WebReference.com - Perl Module Primer (5/5)
Perl Module Primer
So, where do you go from here? Here's a brief list of topics, presented in no specific order, that you may now want to pursue in search of further module knowledge.
- Object Oriented Design
- We mentioned at the outset that you didn't need to be an OOP guru to create modules. But the fact of the matter is, having worked your way through this tutorial you already know a good portion of what you need to know to implement an object oriented module. For example, in Perl OOP, packages are classes; and a reference (such as a hash reference) becomes an object when it is blessed into a class. From then on, all of the methods (i.e., the sub routines) that exist in that class (i.e. package) are accessible through the object itself; with the object automatically passed to the method as a reference (so you can access the object from within the method). And we saw a simplified use of inheritance via the @ISA variable on the bottom of the previous page. Once you've coded up a module or two of your own (or even before then, if you have an OOP background and/or are particular adventurous), I encourage you to have a look at the bless command and the general definition and use of objects in Perl.
- Document Your Work!
- Modules are intended to be encapsulated, functional collections of code. But even if your module is perfectly designed, it will be useless if the next person who comes along doesn't know what functions your module contains or how to access and use them.
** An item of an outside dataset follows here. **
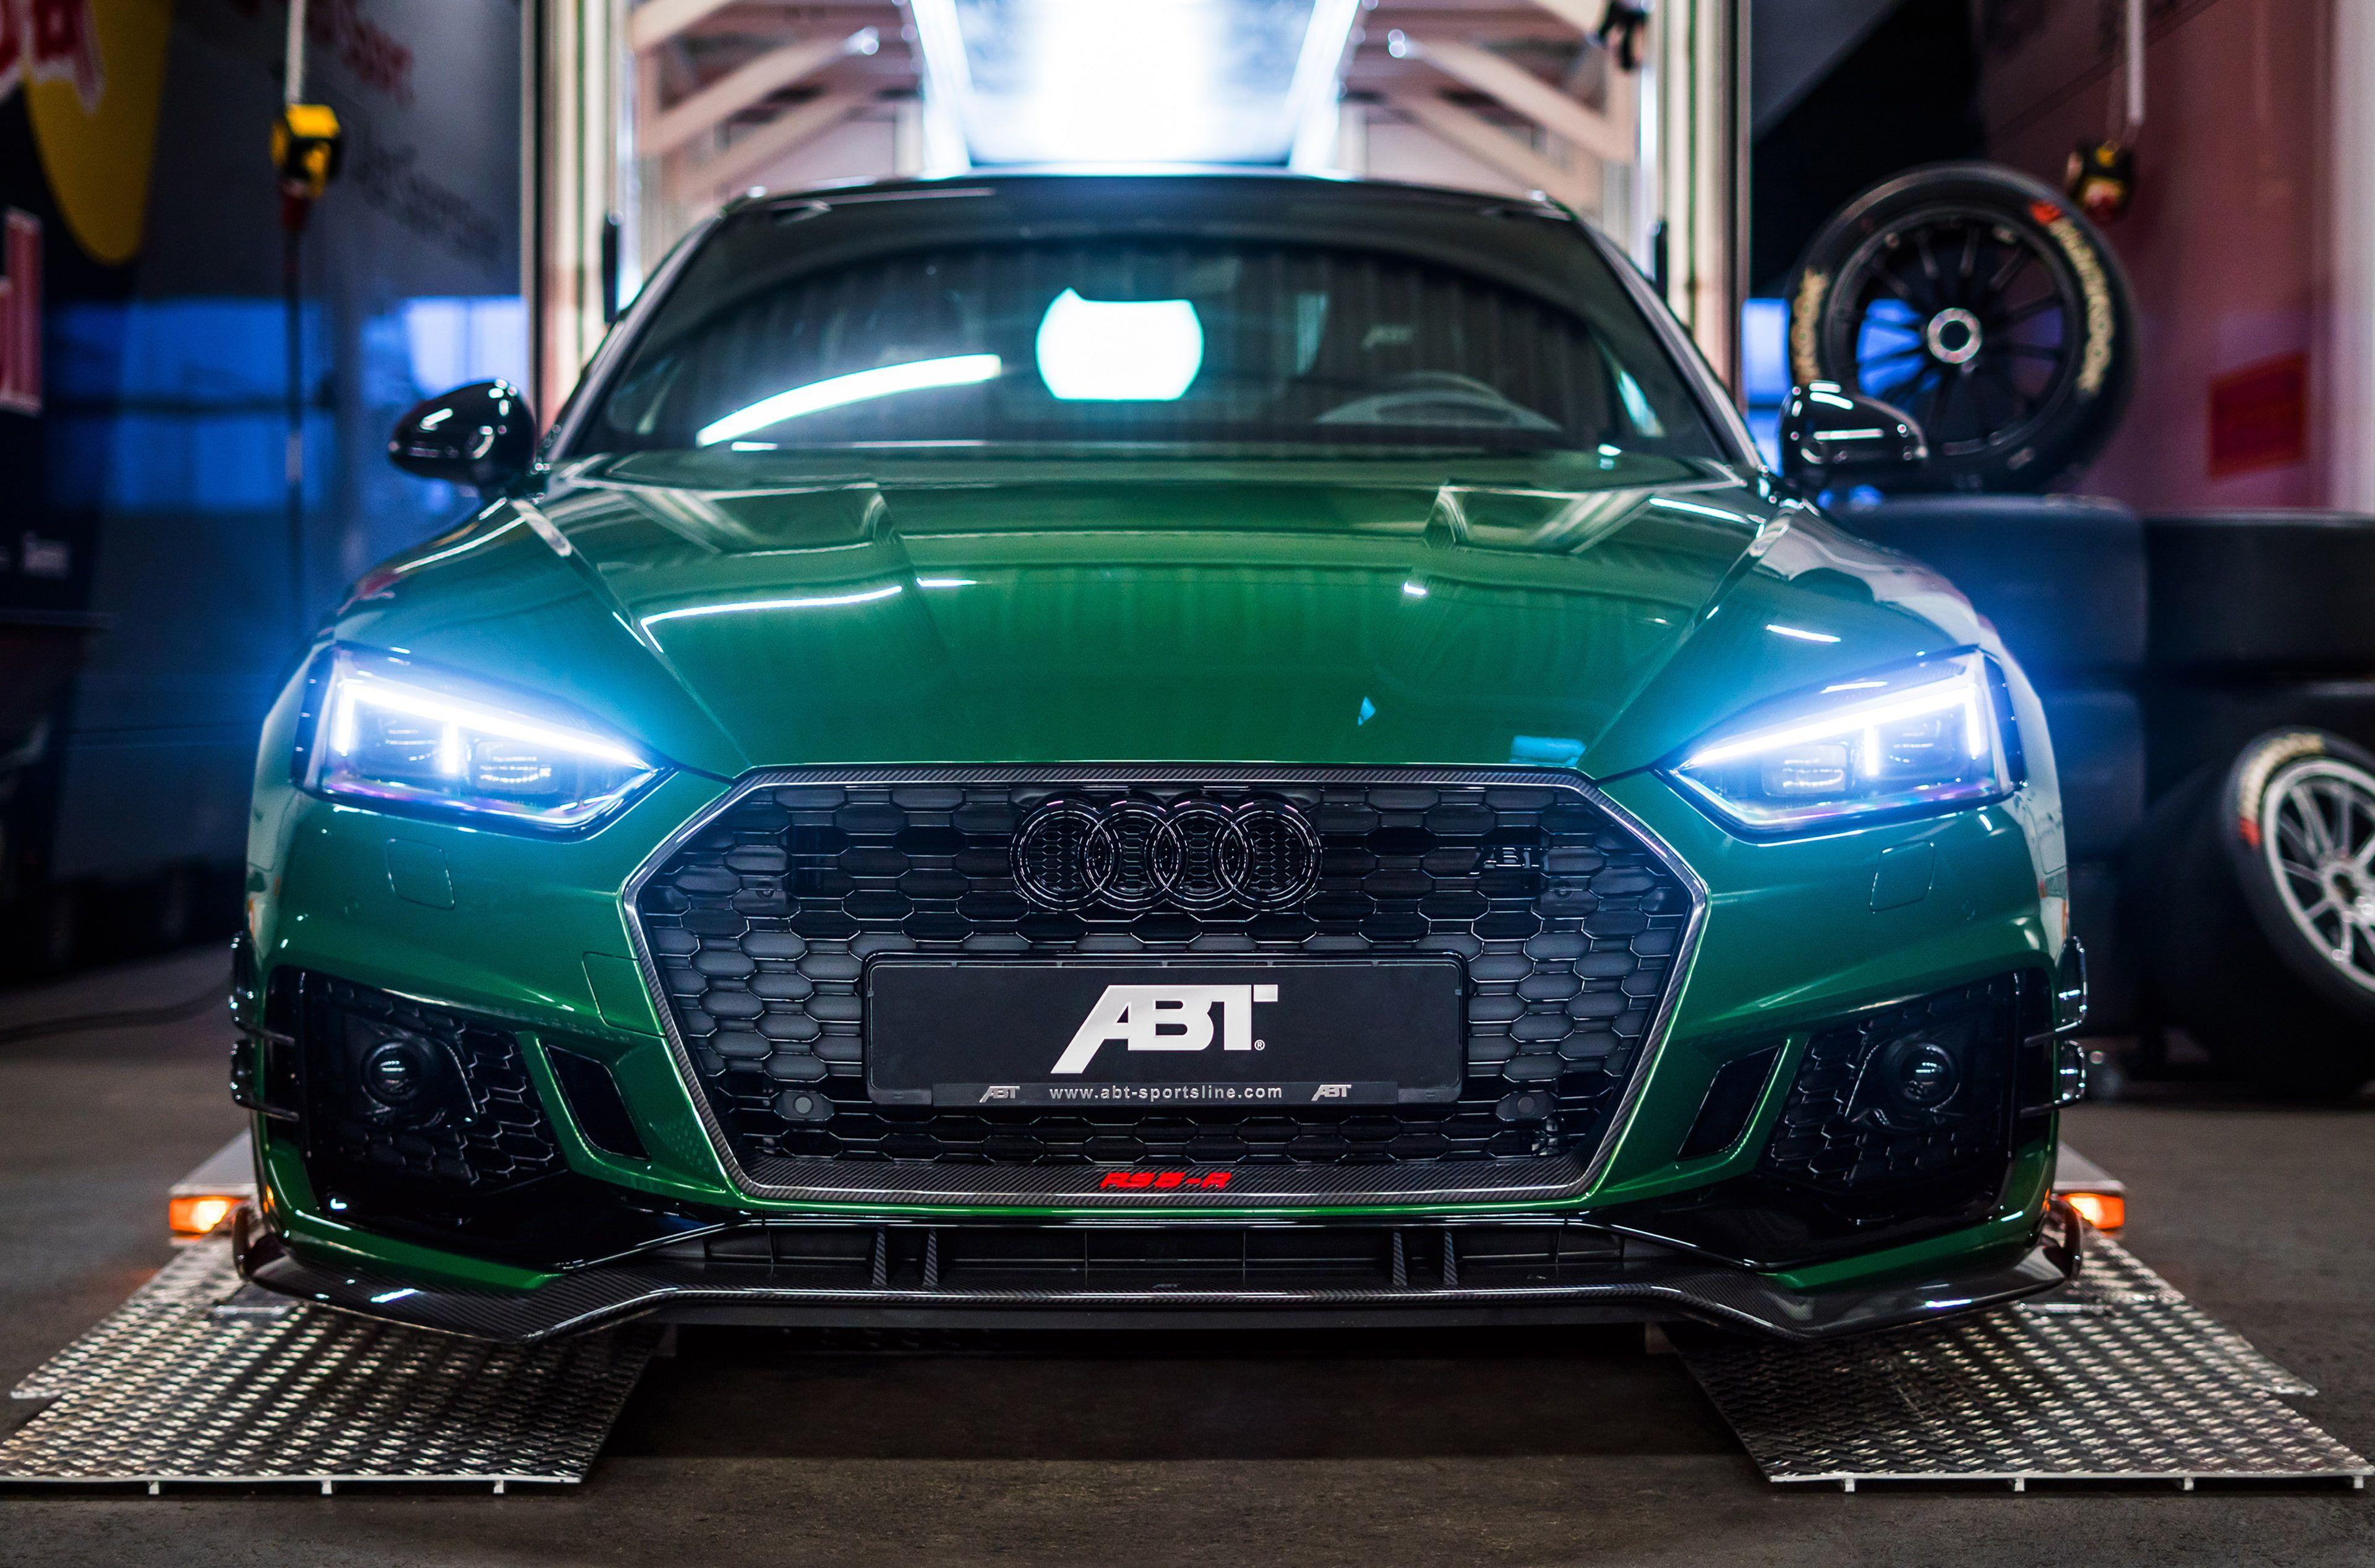 Abt Sportsline Audi Rs 5 R Coupe 2018 4k 4k Wallpaper Hdwallpaper Desktop Audi Rs Audi Audi Sedan

An excellent way to make this type of information available to everyone who wants to get it is to use Plain Old Documentation, or POD. POD statements are embedded within your module itself, and can be automatically read by specific perl utilities such as perldoc allowing users to easily see what your module does and how it does it (and anything else, within reason, that you want to tell the would-be user).
- AUTOLOAD and AutoLoader
- Perl provides a mechanism such that if the user calls a routine that doesn't actually exist within a package, then a specific routine, called AUTOLOAD is run instead. The AutoLoader module takes this concept a step further, allowing you to separate chunks of your module into smaller components that can then be pulled into the script as they are needed, as opposed to loading your entire module in every time it is used. This can be helpful when your modules get very large, as it can reduce the overall memory requirements of the calling application.
I hope you've found this brief tutorial to be helpful. Good luck in your efforts to build your own module-based projects!